What you need to do
Copy out the entries below exactly as they stand, but only from the line containing "keramika_papuosalai_paulauskaite (13)" through the line containing "Блюдо круглое 30,5".

Source information

_ _ _ _ _

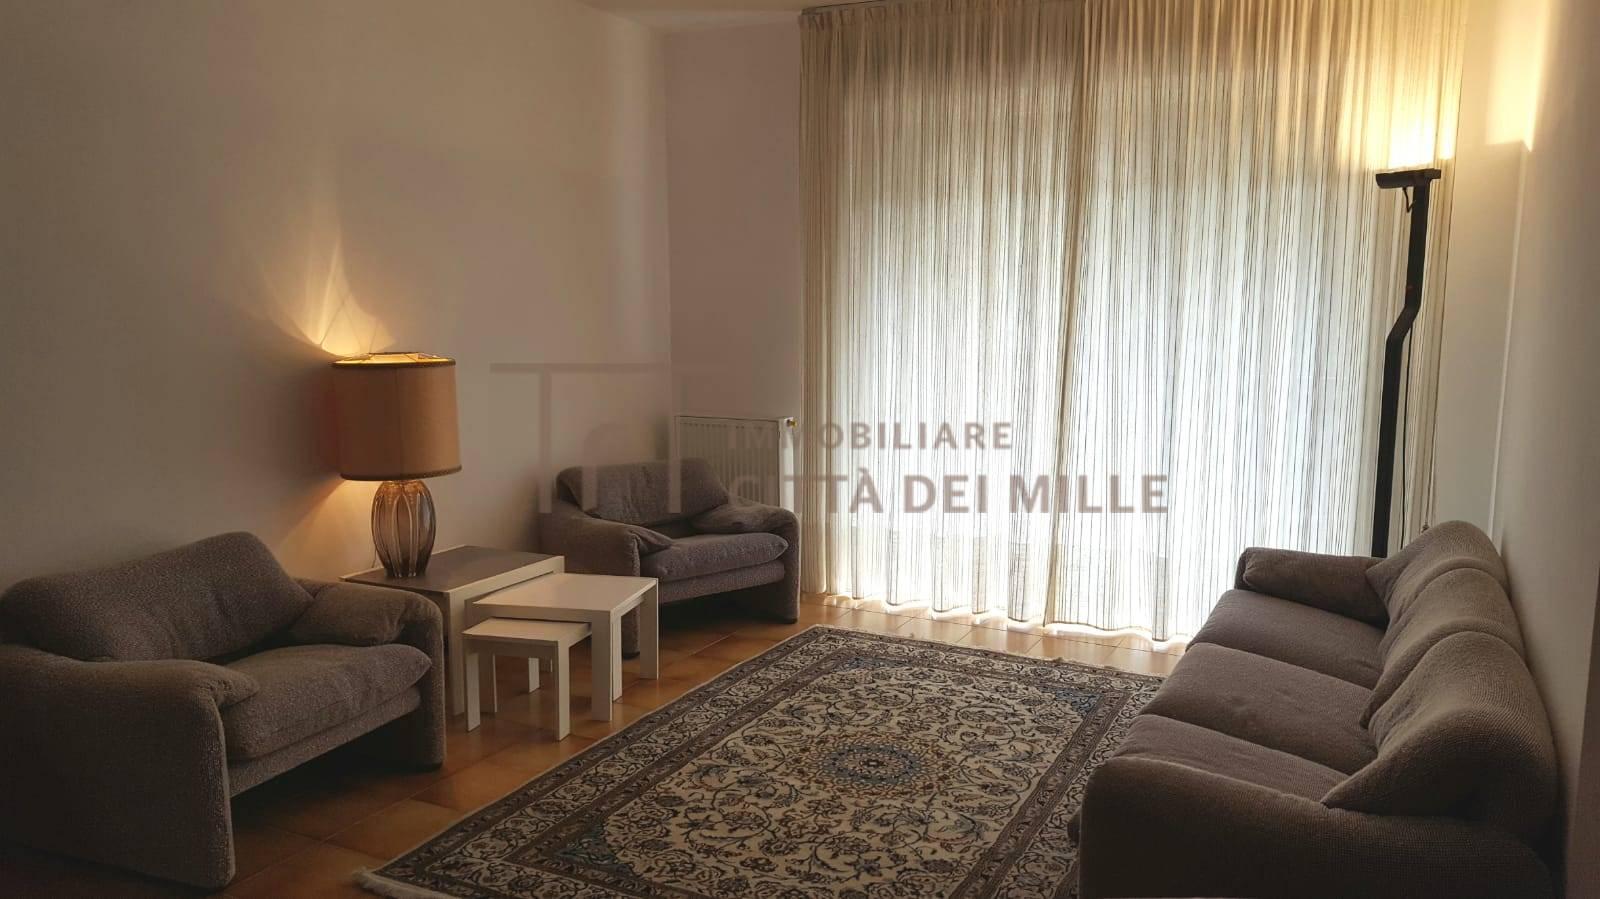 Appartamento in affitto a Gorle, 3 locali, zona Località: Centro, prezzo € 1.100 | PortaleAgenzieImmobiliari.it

_ _ _ _ _

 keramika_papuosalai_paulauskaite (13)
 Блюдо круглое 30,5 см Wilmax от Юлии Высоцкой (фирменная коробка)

_ _ _ _ _

Solved problem
 keramika_papuosalai_paulauskaite (13)
 Блюдо круглое 30,5 см Wilmax от Юлии Высоцкой (фирменная коробка)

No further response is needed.